Между Олимпом и Голгофой
Художник Алексей Кириллов
В самой древней истории живописи, составленной Плинием Старшим, рассказ о каждом значительном художнике начинался словами: «он первый…»: Клеофант первым стал покрывать силуэты фигур коричневой краской, Эвхир первым нарисовал идеальную фигуру, а Павсий научился изображать сложный ракурс…
Историю искусства можно продолжить до наших дней в том же духе, как историю открытий.

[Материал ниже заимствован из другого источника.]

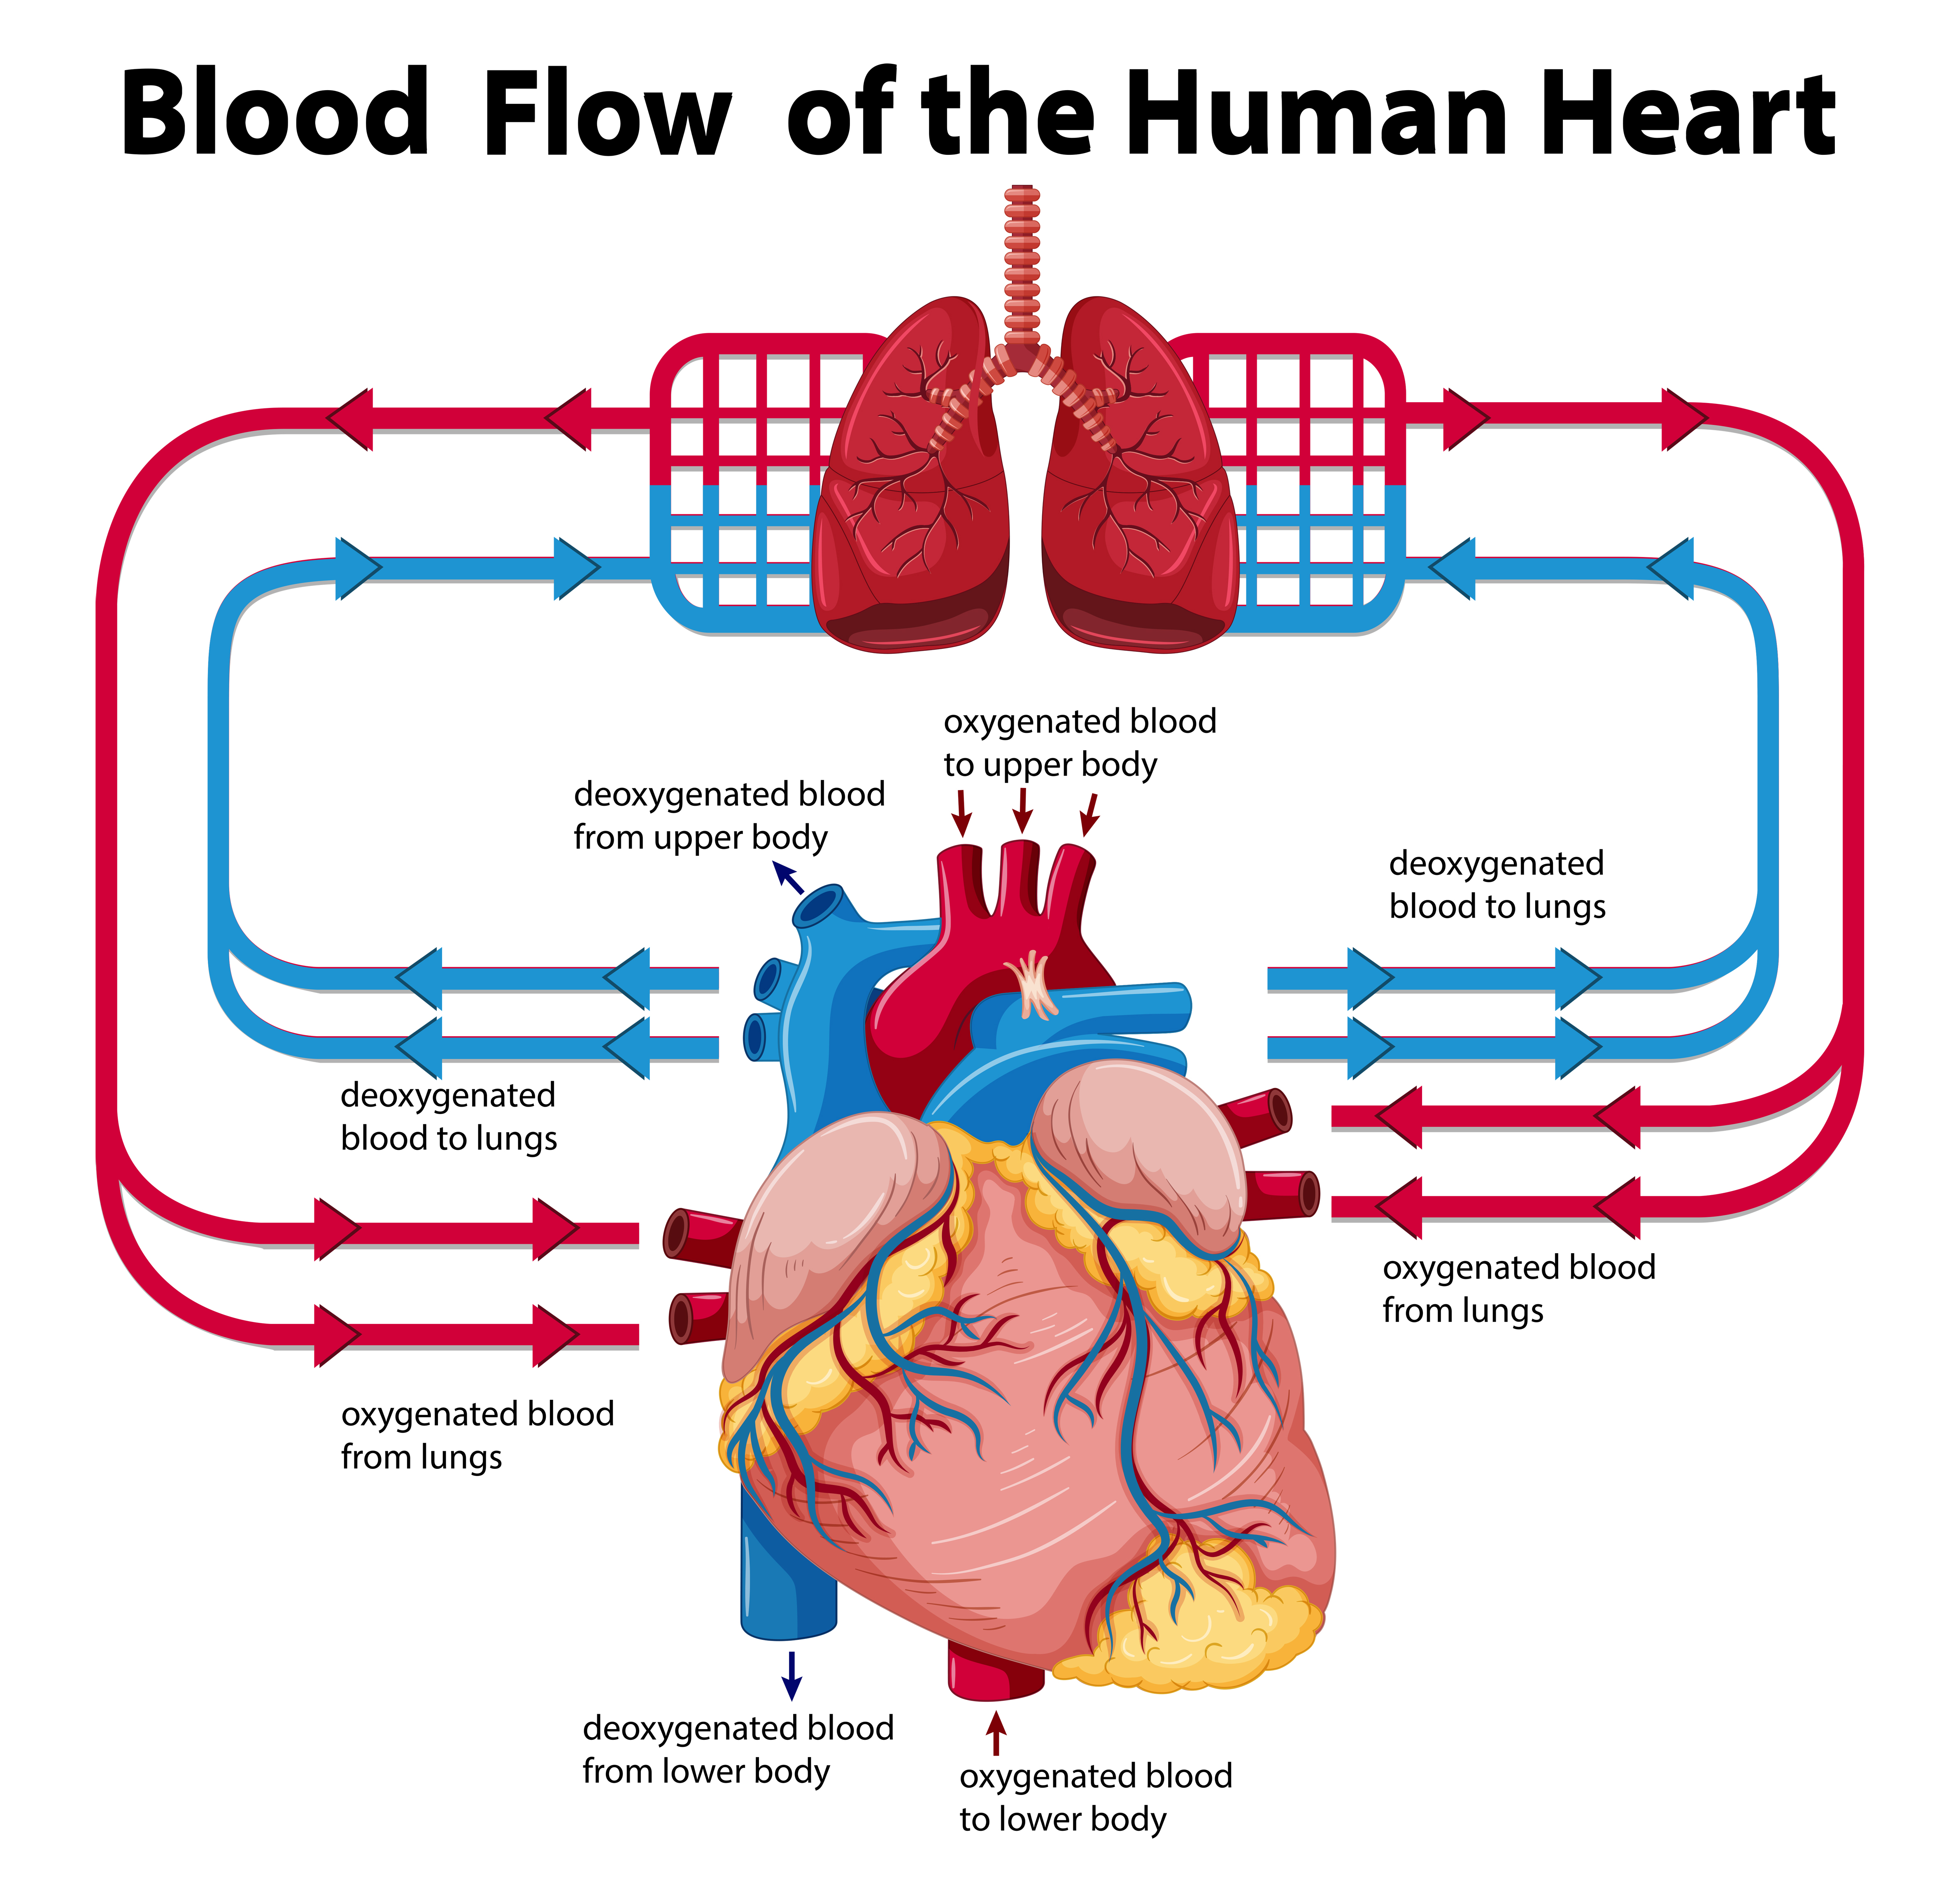 diagram showing blood flow of human heart - download free vectors, clipart  graphics & vector art  vecteezy

Чтобы оставить свой след, художник должен в чем-то оказаться первым: найти новый сюжет, живописный прием, способы эмоционального воздействия на зрителя, или, наконец, новые источники духовной энергии – так же, как в ходе промышленной революции были обнаружены новые источники энергии физической – пар, электричество, энергия атома.
Алексей Кириллов, русский художник, половина жизни которого прошла в Греции, находит этот источник в неожиданном соединении античной тематики с христианскими идеями. Его притягивает то, что разные люди в разные времена считали священным. И ему удается найти чистейшую равнодействующую между столь различными культурами: его работы отличает не религиозность, а духовная открытость, а также внутренний эллинизм, поэтический дух греческого мироощущения.
Современное искусство стало спором Разрушителя и Творца. Иногда оба они мирно уживаются в творчестве одного художника, как ночь и день; иногда – властителем дум целых поколений становится только один.
Но, что удивительно, на разных исторических этапах, когда Творец одерживал победу над Разрушителем, очень непохожие друг на друга художники обращались к одному истоку: легендарной прародине всех наук и искусств – Древней Греции, где «запомнило свою колыбель европейское человечество, где был земной рай: боги сходили с небес и роднились с людьми», где человек ощущал себя необходимой частицей мироздания. Античность снова и снова показывала свою неотделимость от актуальных проблем действительности.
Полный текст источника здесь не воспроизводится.